00000000000005fa <main>:
5fa: 55 push %rbp
5fb: 48 89 e5 mov %rsp,%rbp
5fe: 8b 05 0c 0a 20 00 mov 0x200a0c(%rip),%eax # load spd
604: 83 c0 01 add $0x1,%eax # add 1 to spd
607: be 0a 00 00 00 mov $0xa,%esi # load 10
60c: 89 c7 mov %eax,%edi # load (spd+1)
60e: e8 08 00 00 00 callq 61b <min> # call min(): ok
613: 89 05 f7 09 20 00 mov %eax,0x2009f7(%rip) # save to spd
619: eb e3 jmp 5fe <main+0x4> # loop back
000000000000061b <min>:
61b: 55 push %rbp
61c: 48 89 e5 mov %rsp,%rbp
61f: 89 7d fc mov %edi,-0x4(%rbp) # pop spd
622: 89 75 f8 mov %esi,-0x8(%rbp) # pod 10
625: 8b 45 fc mov -0x4(%rbp),%eax # load spd
628: 39 45 f8 cmp %eax,-0x8(%rbp) # compare spd vs 10
62b: 0f 4e 45 f8 cmovle -0x8(%rbp),%eax # if less, use 10
62f: 5d pop %rbp
630: c3 retq
631: 66 2e 0f 1f 84 00 00 nopw %cs:0x0(%rax,%rax,1)
638: 00 00 00
63b: 0f 1f 44 00 00 nopl 0x0(%rax,%rax,1)
0000000000201010 <spd>:
201010: 05 .byte 0x5
201011: 00 00 add %al,(%rax)
Exercise#
Above guide show a case of static linking, from mylib.o
to source.o
.
How about the dynamic linking case?
Consider to use below simple program, how does compiler link the printf()
function?
#include <stdio.h>
int main() {
printf("Hello Workd!\n");
return 0;
}
Further reading#
The output executable file is written in Executable and Linkable Format (ELF) format which is a common standard file format for executable files, object code, shared libraries, and core dumps.
By design, the ELF format is flexible, extensible, and cross-platform.
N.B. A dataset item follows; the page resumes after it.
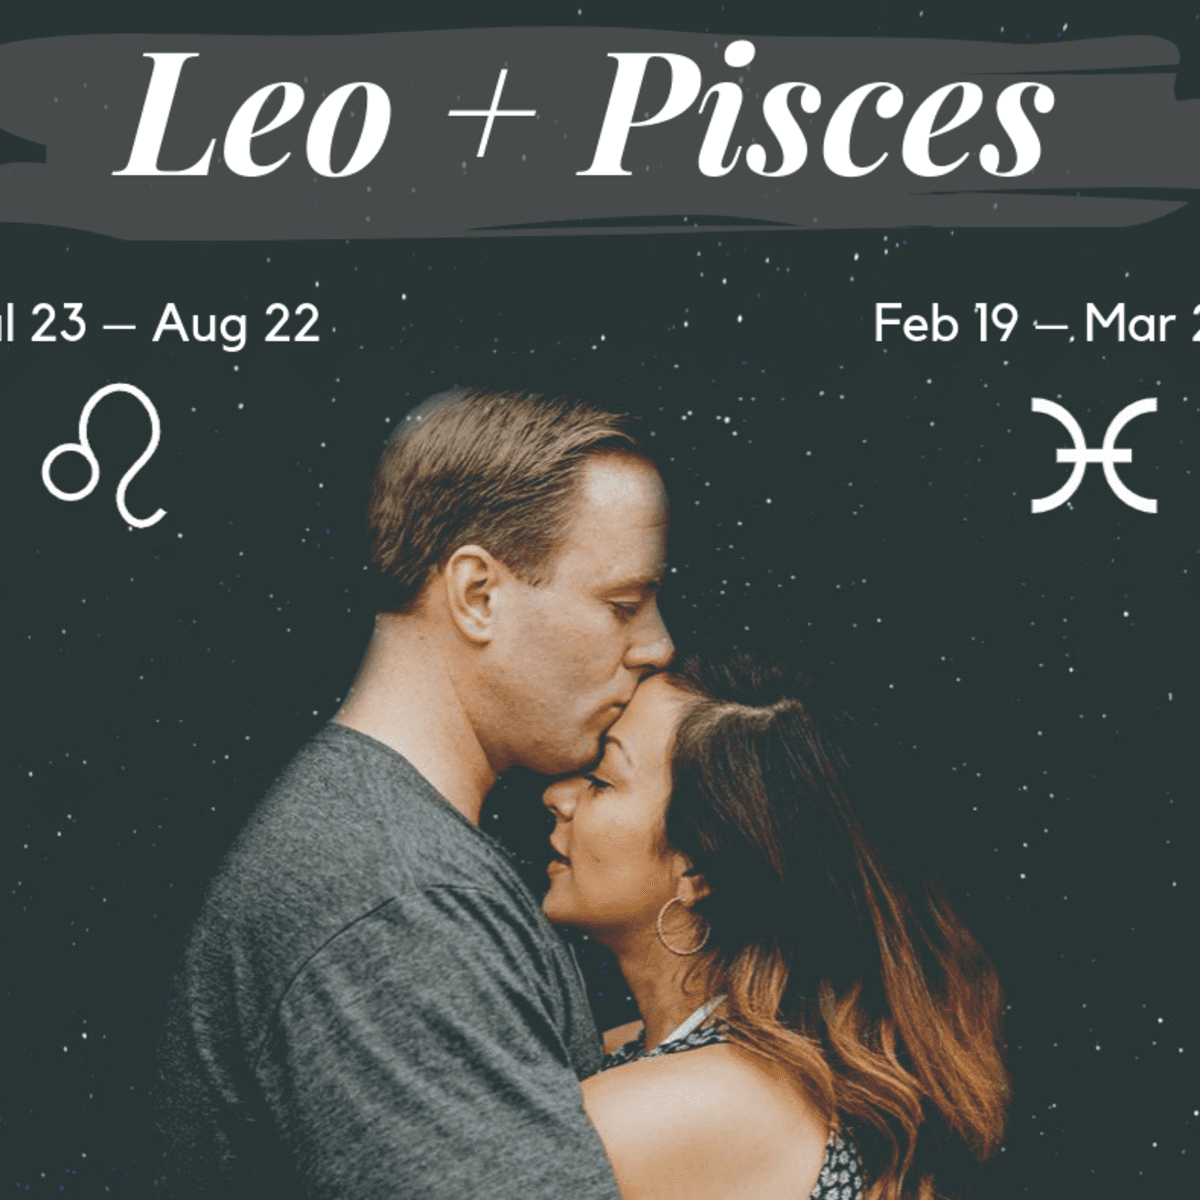 What zodiac sign is compatible with leo woman
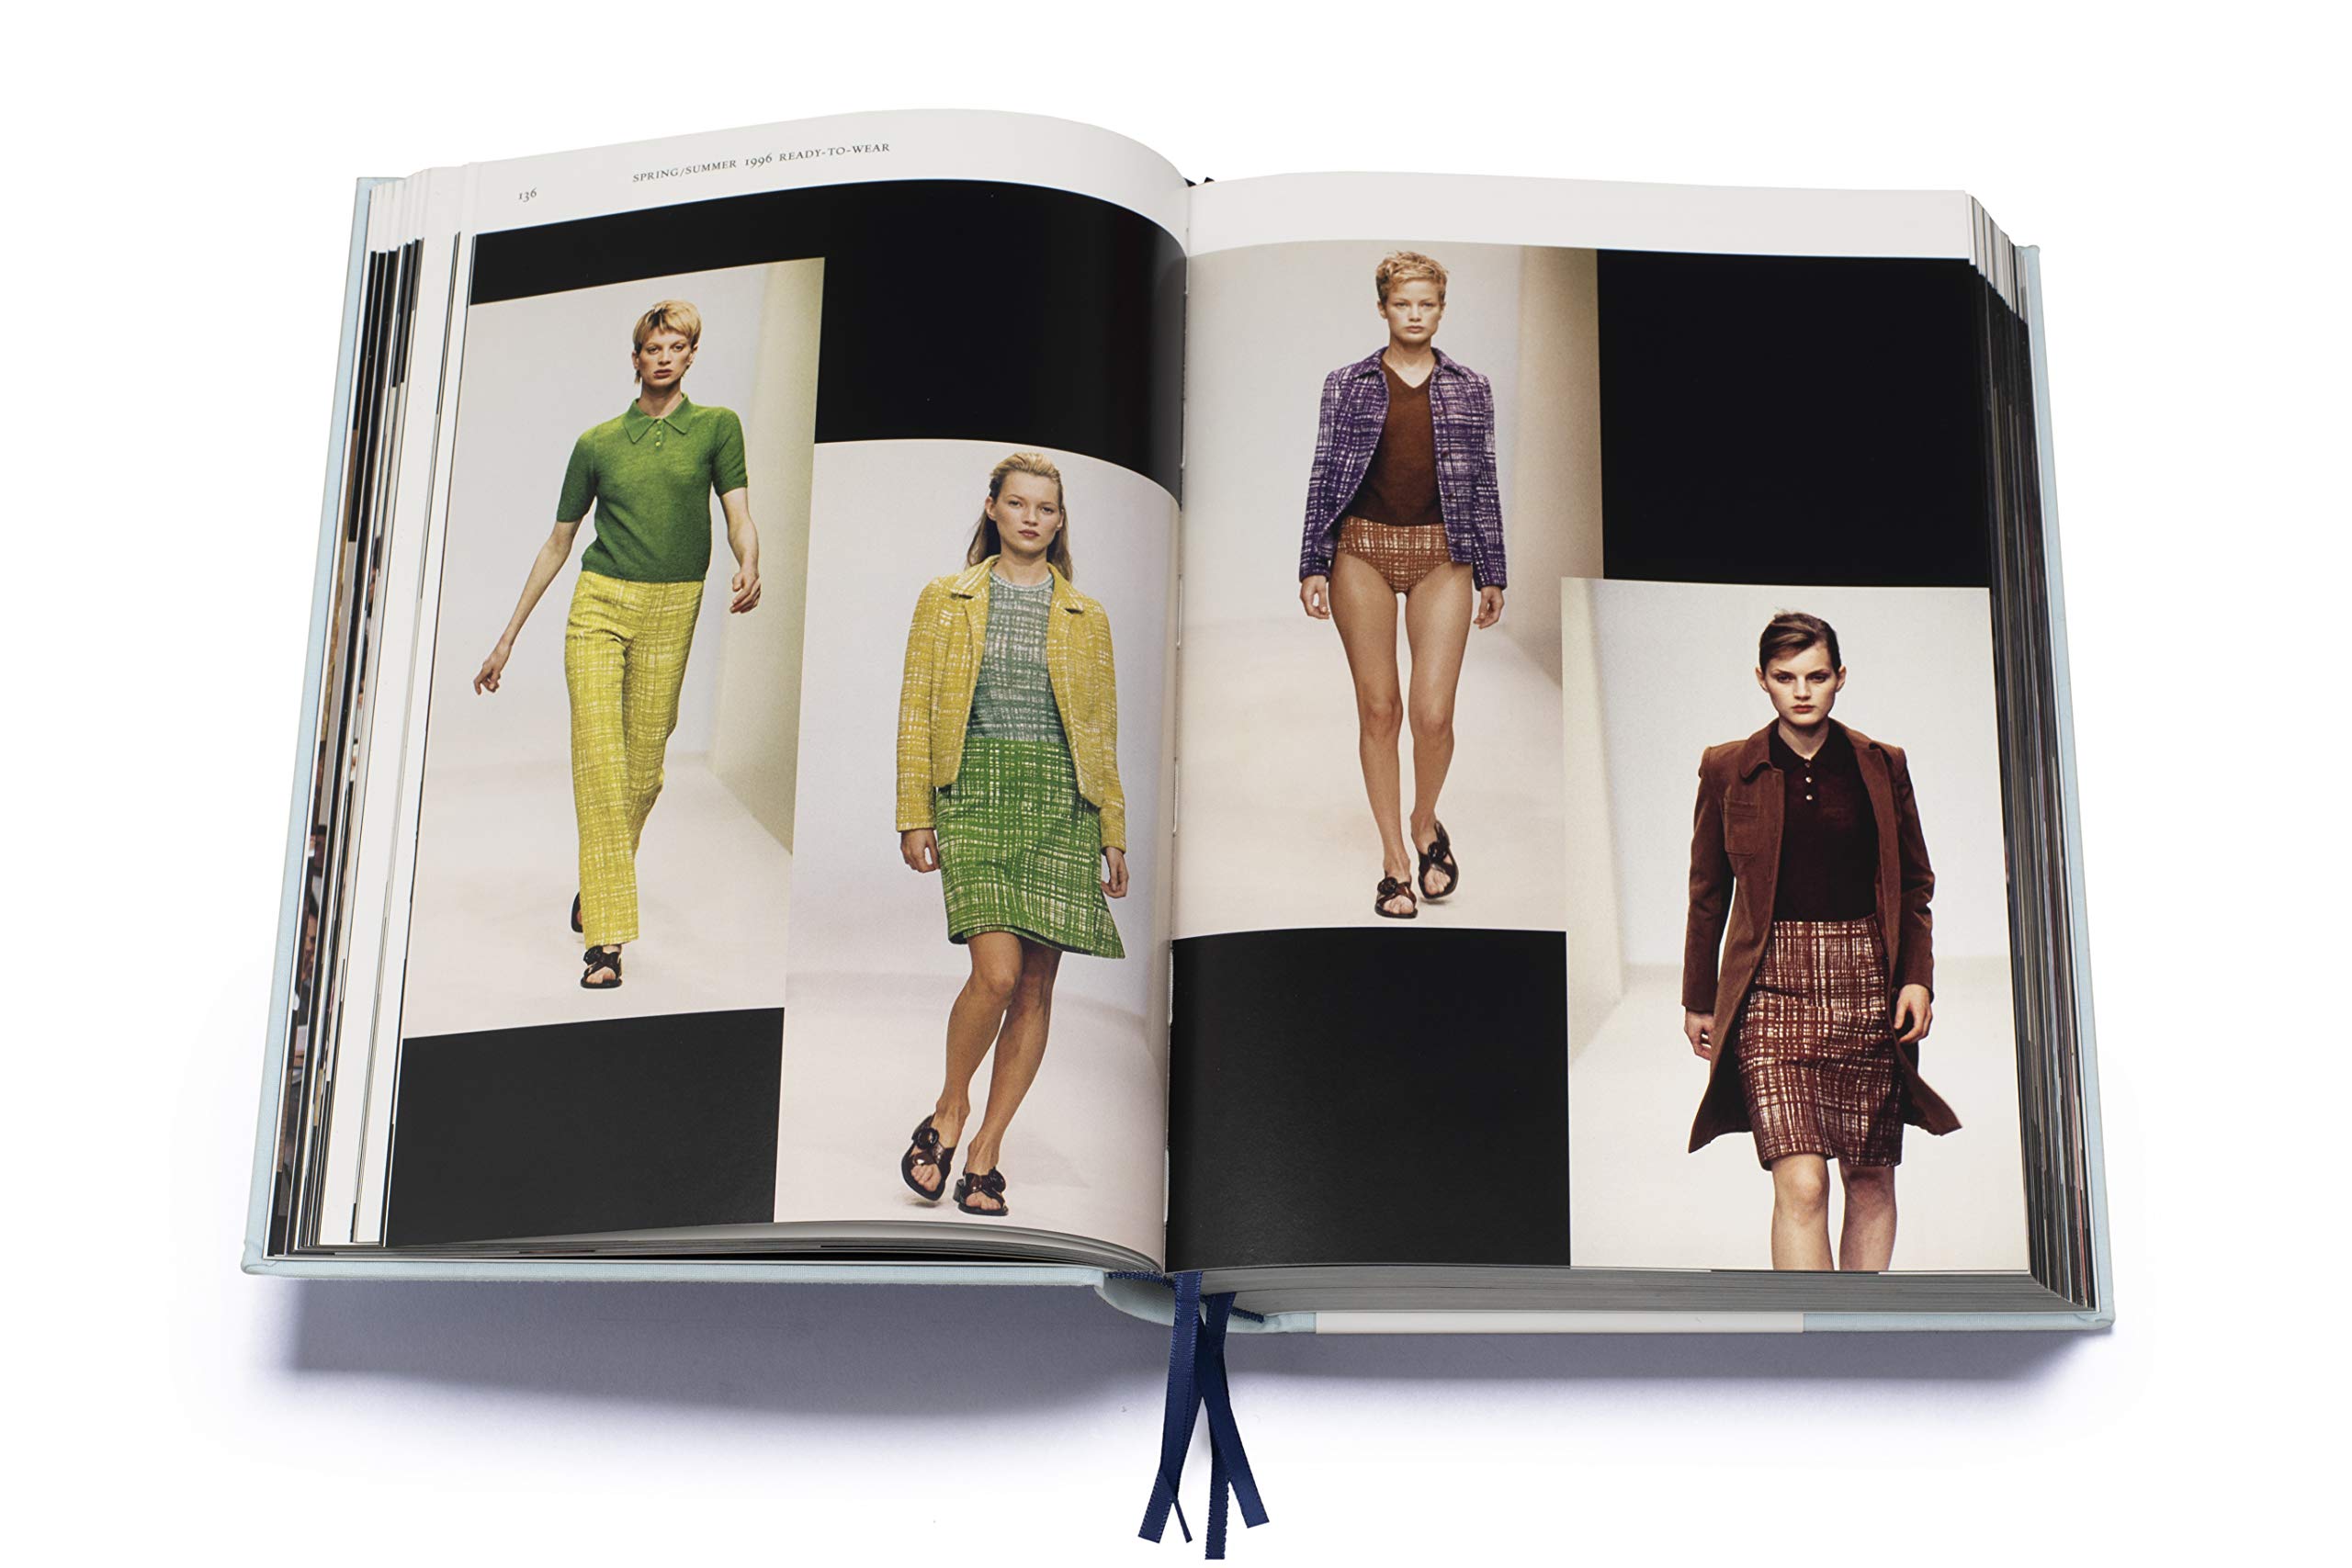 Dukagjini Bookstore - Prada Catwalk: The Complete Collections Founded as a  luxury leather goods house in 1913 in Milan, Prada entered the field of  fashion when Miuccia Prada took the helm of

For instance, it supports different endiannesses and address sizes, so it does not exclude any particular central processing unit (CPU) or instruction set architecture. This has allowed it to be adopted by many operating systems on different hardware platforms.
Use objectdump
to inspect an executable file, and compare to the ELF format.